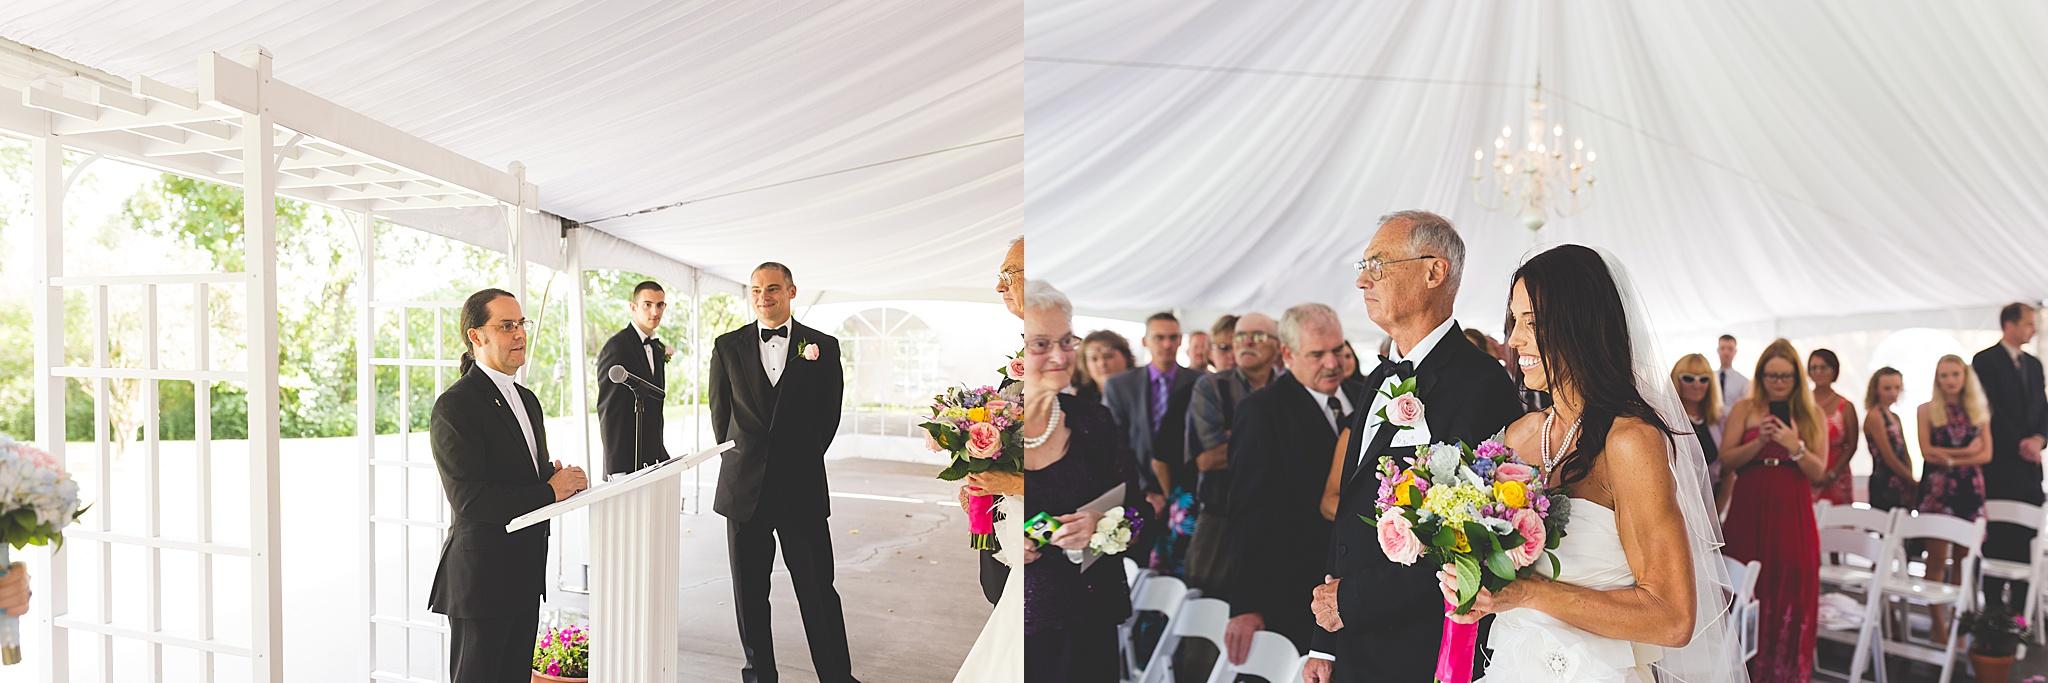 Albany_Wedding_Photographer_7627.jpg
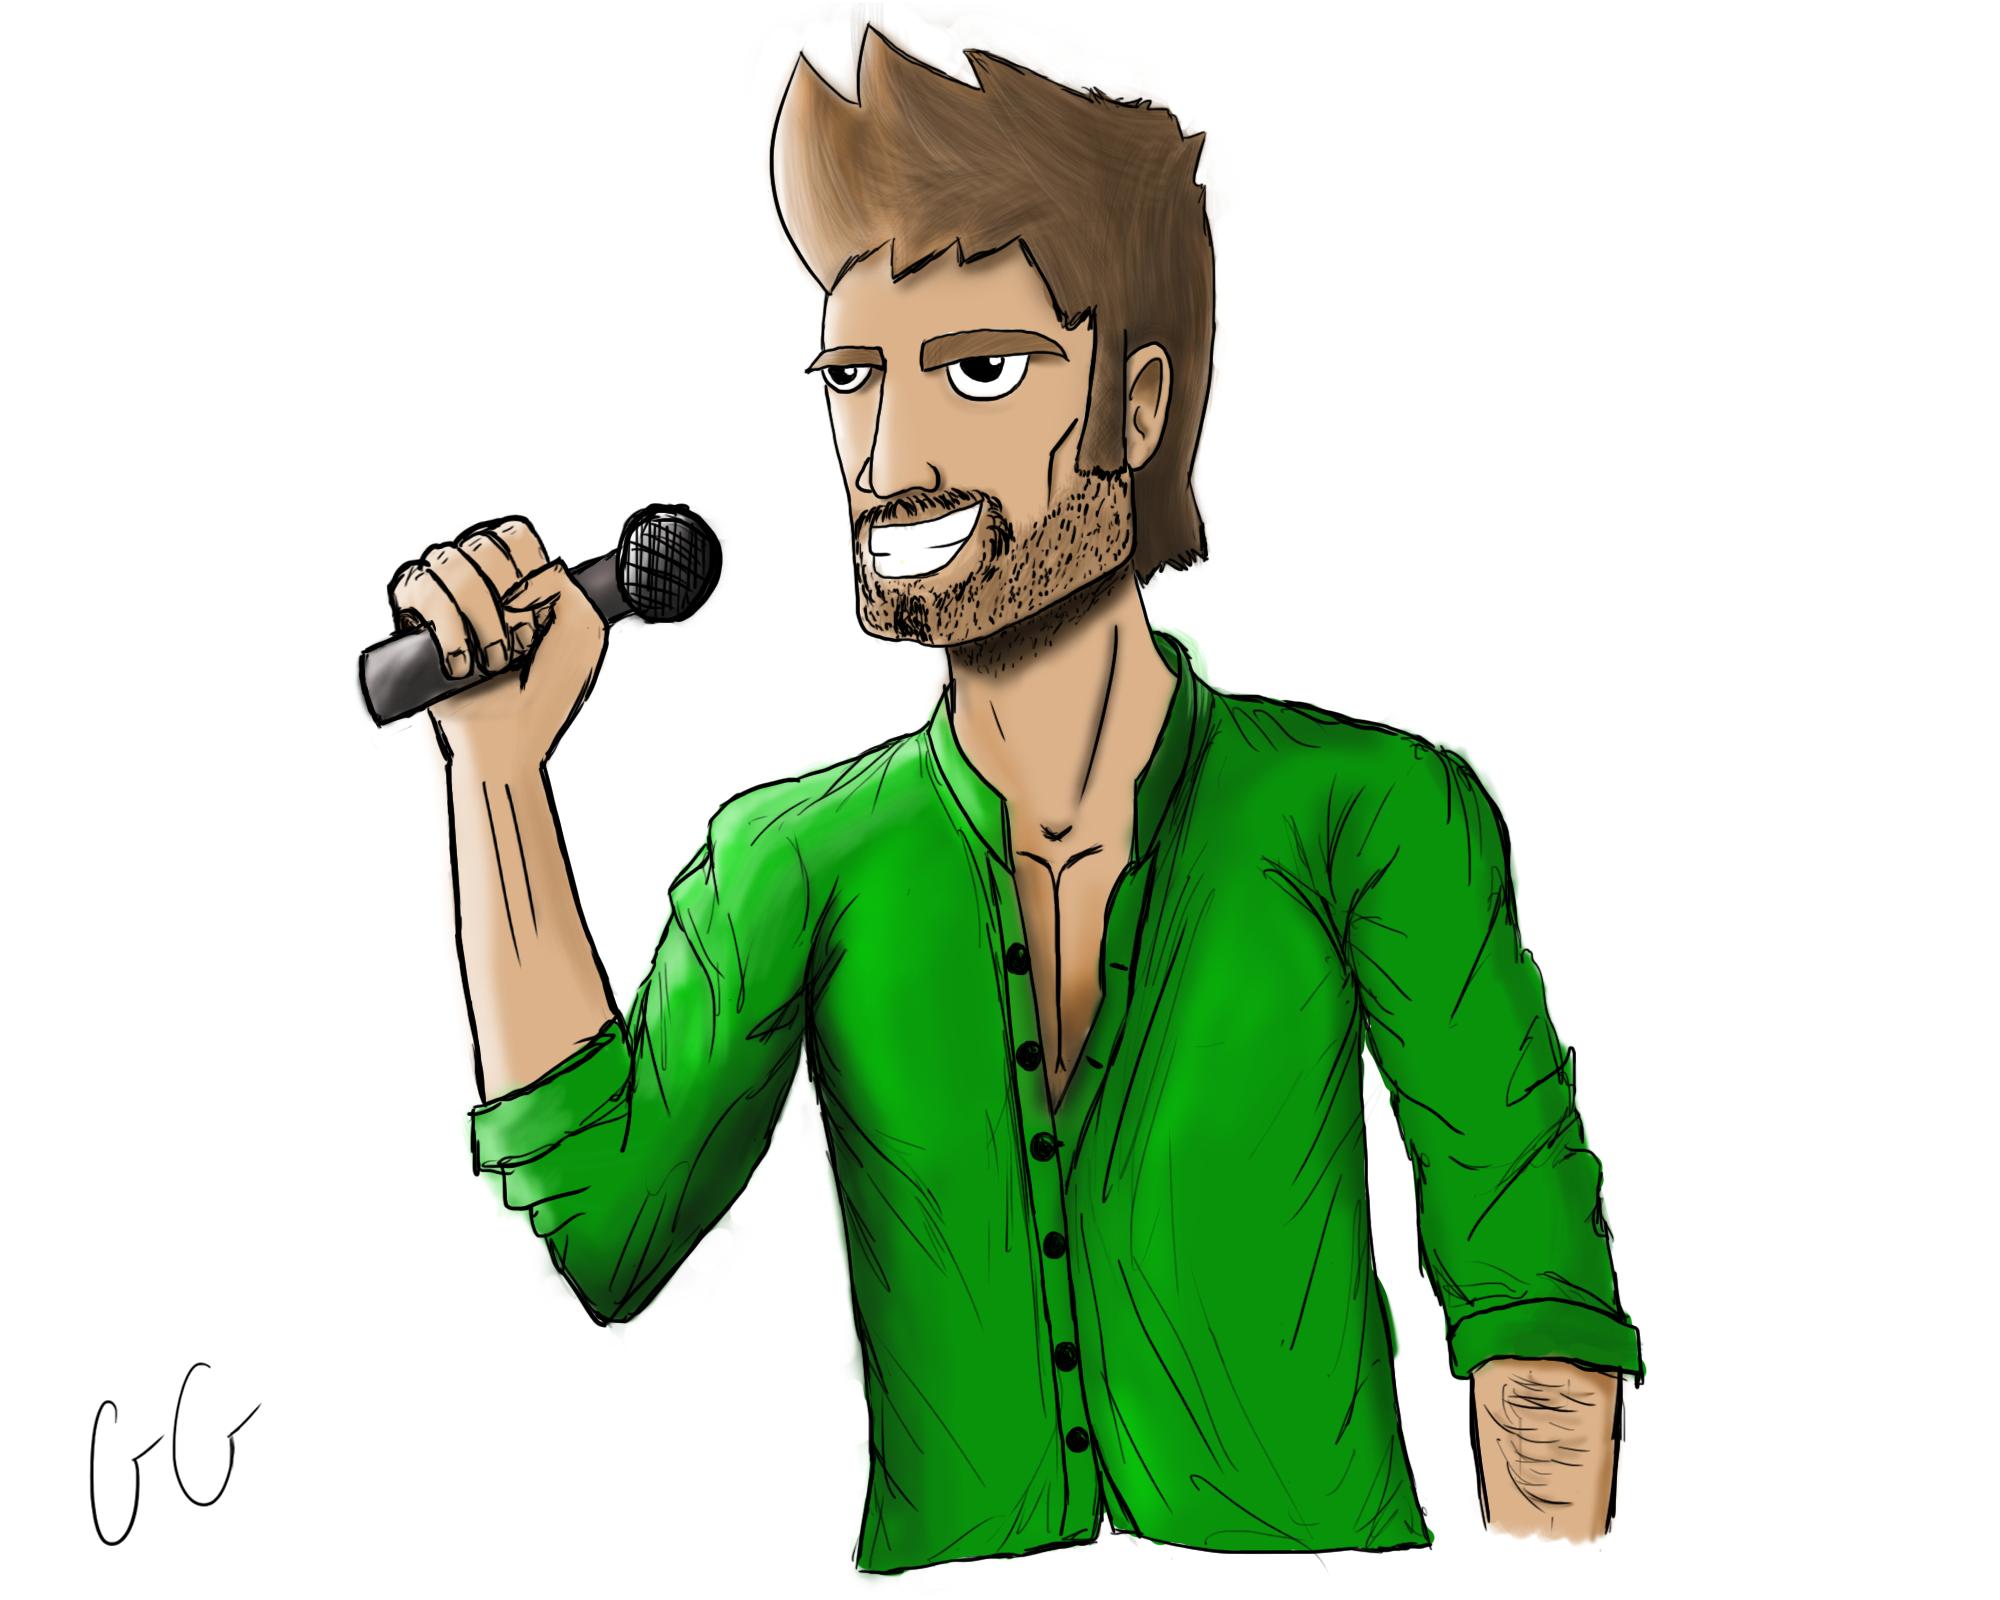 Cool Singer CHARACTER DESIGN
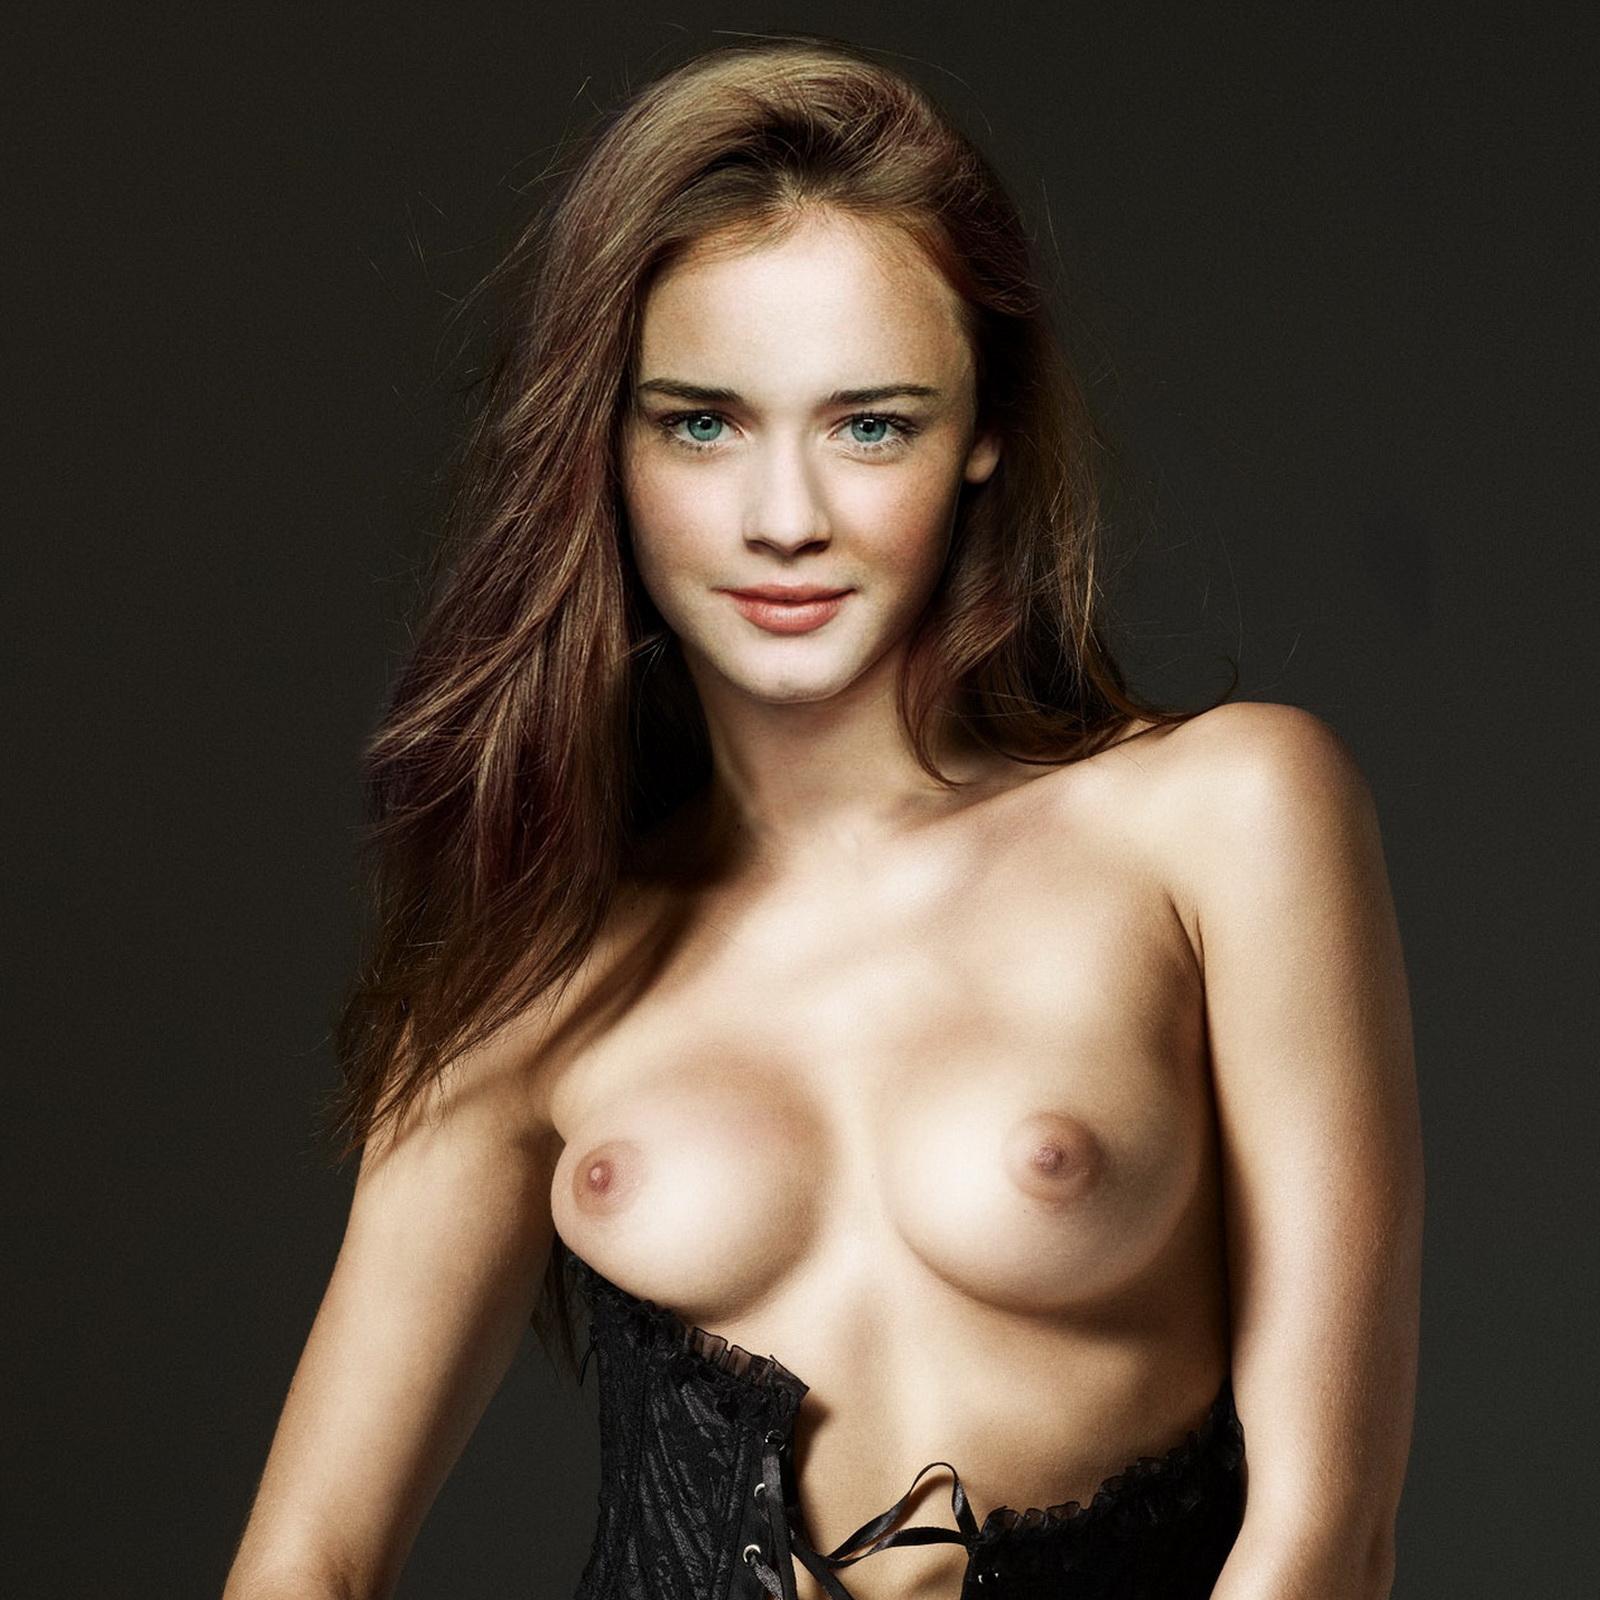 Alexis bledel gilmore girls nude
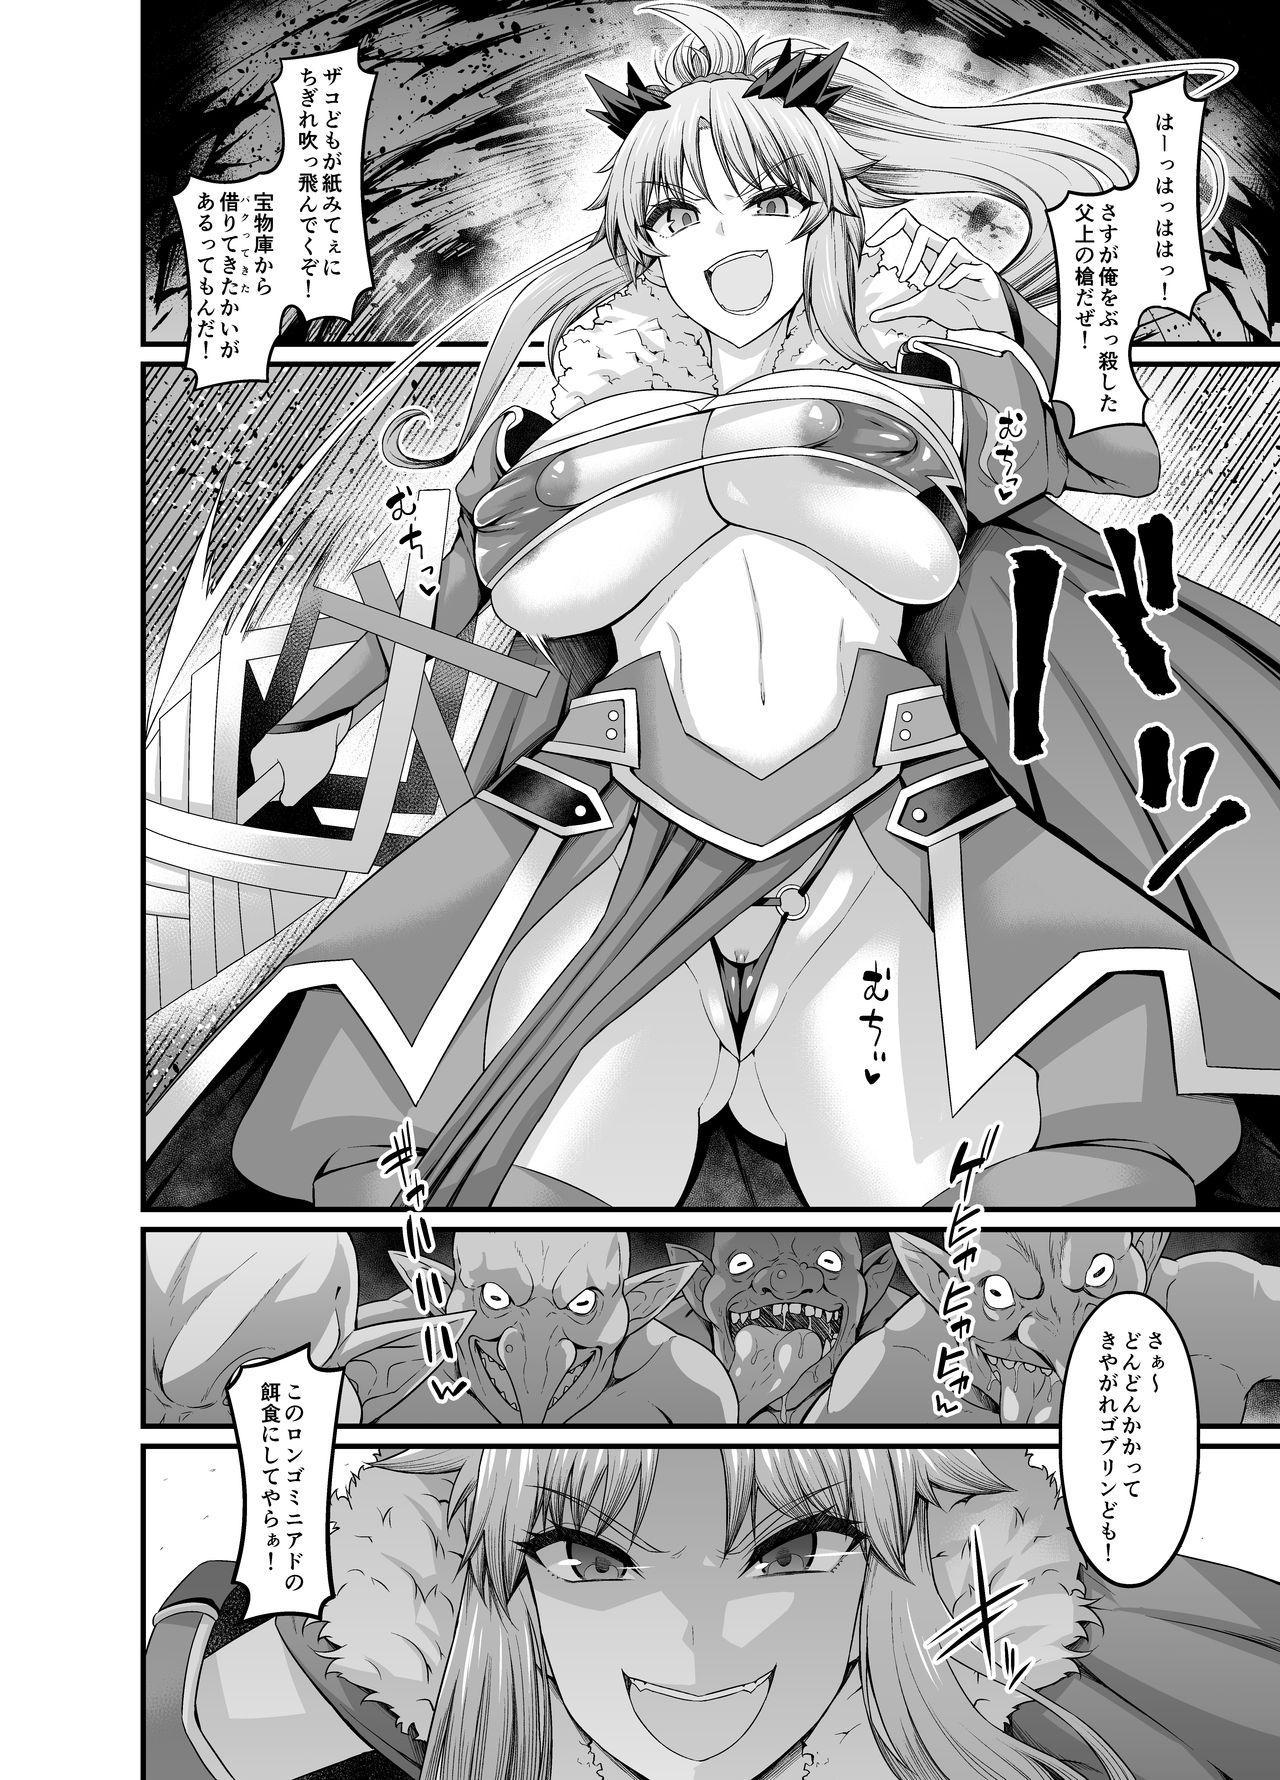 Bakunyū Ransāmōdoreddo vs Goburin 0

• [Work request]
Could you repeat all of the data exactly, minus the pictures?

• [Output for this exercise]
 Albany_Wedding_Photographer_7627.jpg
 Cool Singer CHARACTER DESIGN
 Alexis bledel gilmore girls nude
 Bakunyū Ransāmōdoreddo vs Goburin 0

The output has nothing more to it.